On Monday, Spartacus International Gay Guide released its annual Gay Travel Index, which ranks 197 countries and regions based on how LGBT-friendly they are. Canada, Portugal, and Sweden tied for the number one slot, while the U.S. lagged behind at number 47.
As Forbes reports, the U.S. has been steadily dropping in rank these past few years. In 2017, it was number 34. In 2018, it fell to number 39. Now, it’s at a measly number 47.
But the U.S. isn’t the only country that’s on the decline; Brazil and Germany have also been demoted.
“In both Brazil and the USA, the cause lies in the right-wing conservative governments and their initiatives to revoke LGBT rights that have been achieved, as well as the associated increase in homophobic and transphobic violence,” the report reads. “In Germany, too, there has been an increase in violence against LGBT, the lack of modern legislation against transgenders and intersexuals and a lack of an action plan against homophobic violence have caused Germany to drop from third to 23rd rank.”
Of course, it’s not all bad. Some countries drastically improved their LGBT policies—and their rank increased because of it.
“Among the rising stars of the year is India, which, thanks to the decriminalization of homosexuality and an improved social climate, has risen from 104th to 57th rank. In Trinidad and Tobago and Angola, too, the criminalization of homosexual acts was abolished in 2018.”

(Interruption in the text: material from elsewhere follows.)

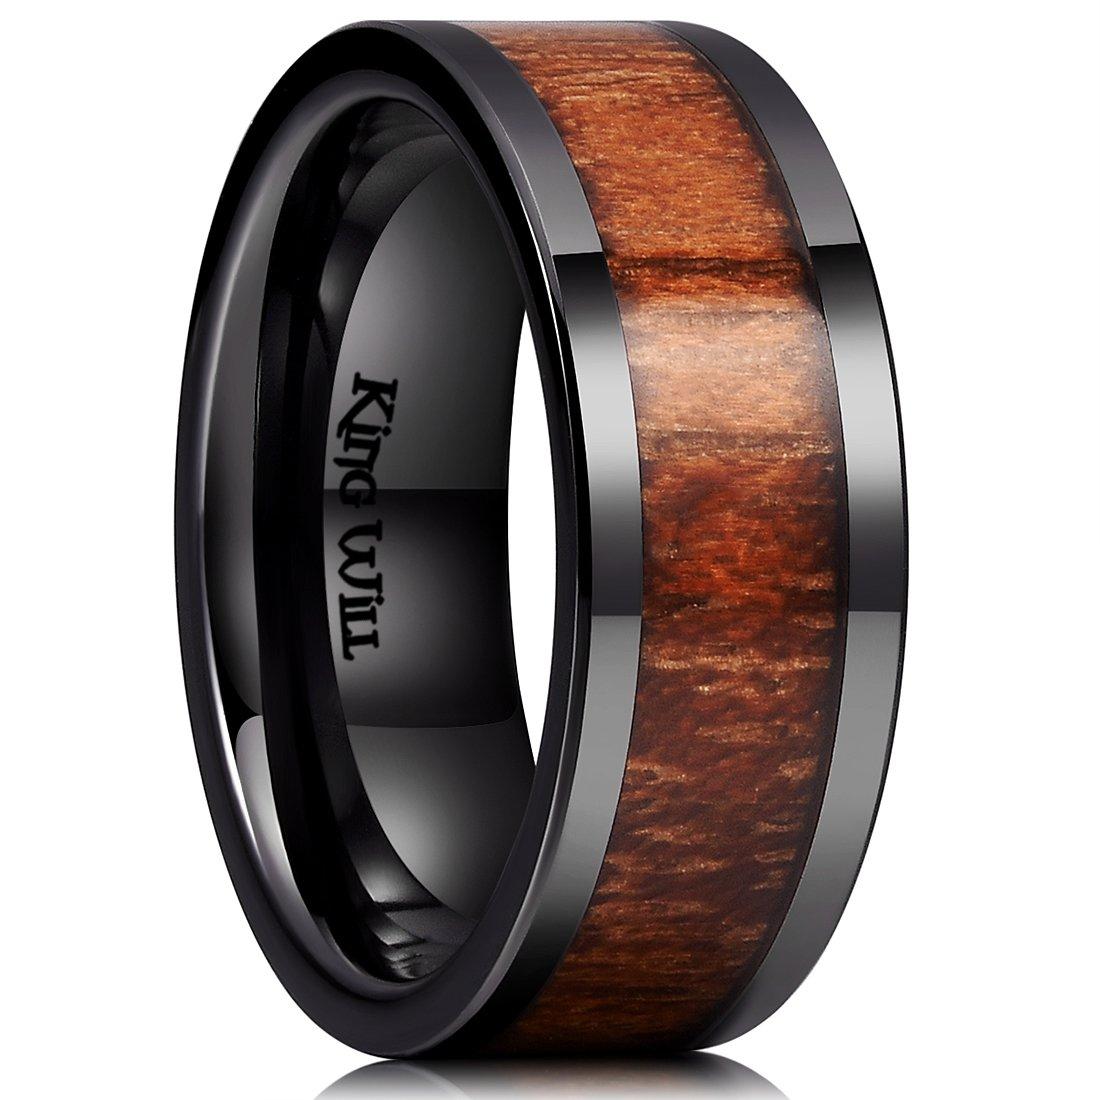 King Will Nature 8mm Black Koa Wood Ceramic Ring Wedding Band Polished Finish Comfort Fit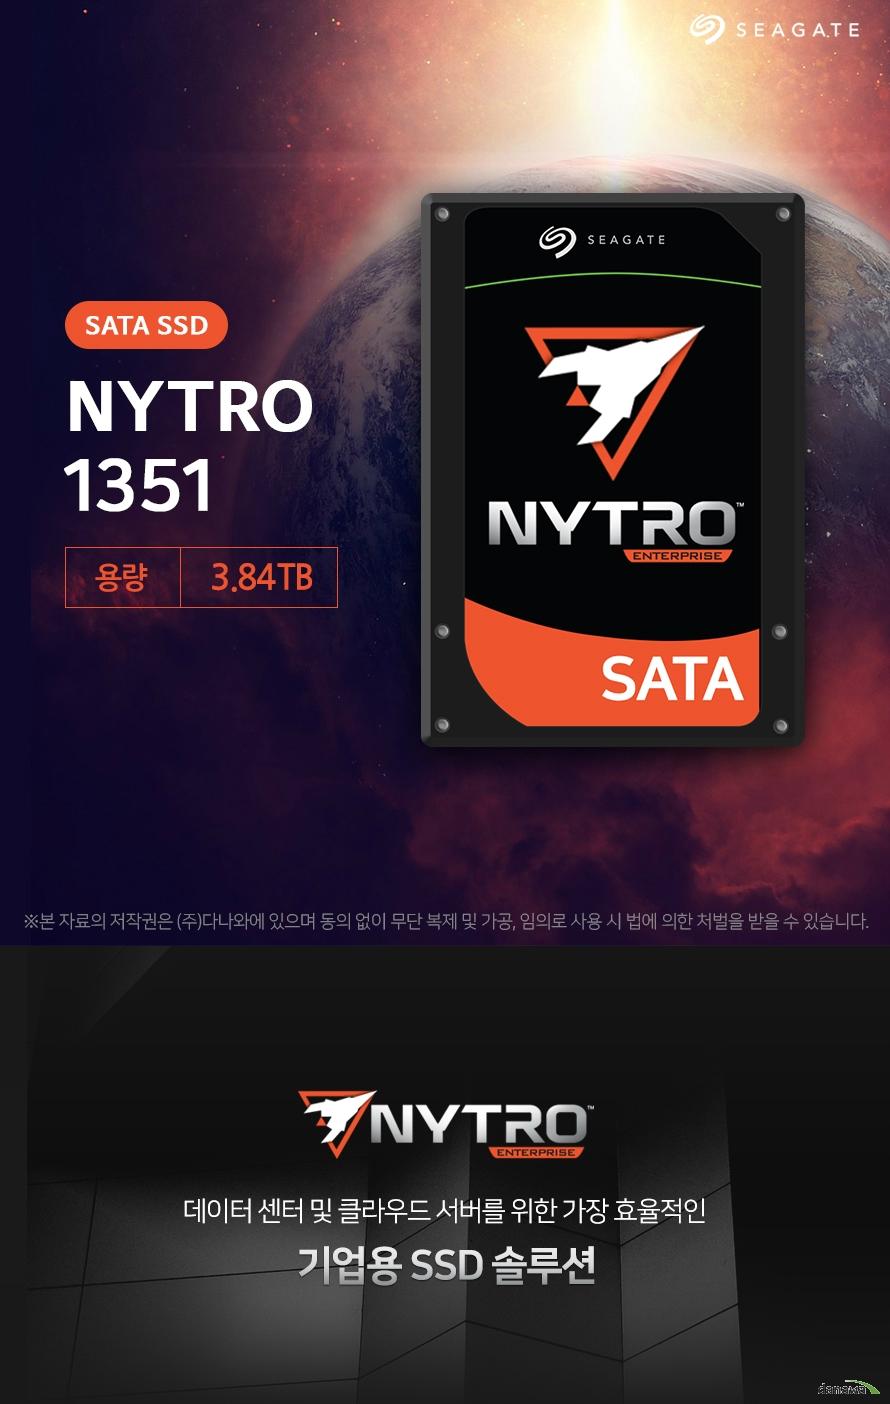 seagate 니트로 SSD 3.84TB  데이터 센터 및 클라우드 서버를 위한 가장 효율적인 기업용 SSD 솔루션  seagate의 특별한 기술로 완성된 고성능 SSD  니트로 SSD시리즈에 들어간 Durawrite기술로 기업에서 필요로하는 고성능, 고용량의  효율적인 SSD를 탄생시켰습니다. 타사 대비 더욱 강력한 퍼포먼스를 가진SSD로 사용자의 환경을 쾌적하게 만들어 드립니다.   seagate secure를 통한 강력한 데이터 보호 예상하지 못한 정전발생 등의 갑작스러운 사건이 일어나더라도 철저하게 데이터를 보호할 수 있는 능력을 가진 SSD로서 더욱 안정감 있는 사용자 환경을 제공해 드립니다.  엔터프라이즈급 능력 뛰어난 내구성, 속도감 사용자의 용도에 맞는 환경을 제공하기 위해 더욱 수준높은 능력을 갖췄습니다. 지속적인 성능을 위해 내구성을 높이고 읽기 집약적인 작업에도 빠른 속도를 경험 할 수 있도록 해드립니다.

On the other hand, some countries made little to no progress and retain the lowest rankings on the list. As a result, they are considered unsafe for LGBT travelers.
“Some of the most dangerous countries for LGBT travelers in 2019 include Saudi Arabia, Iran, Somalia and the Russian republic of Chechnya, where homosexuals face the death penalty just for being gay,” the report concludes.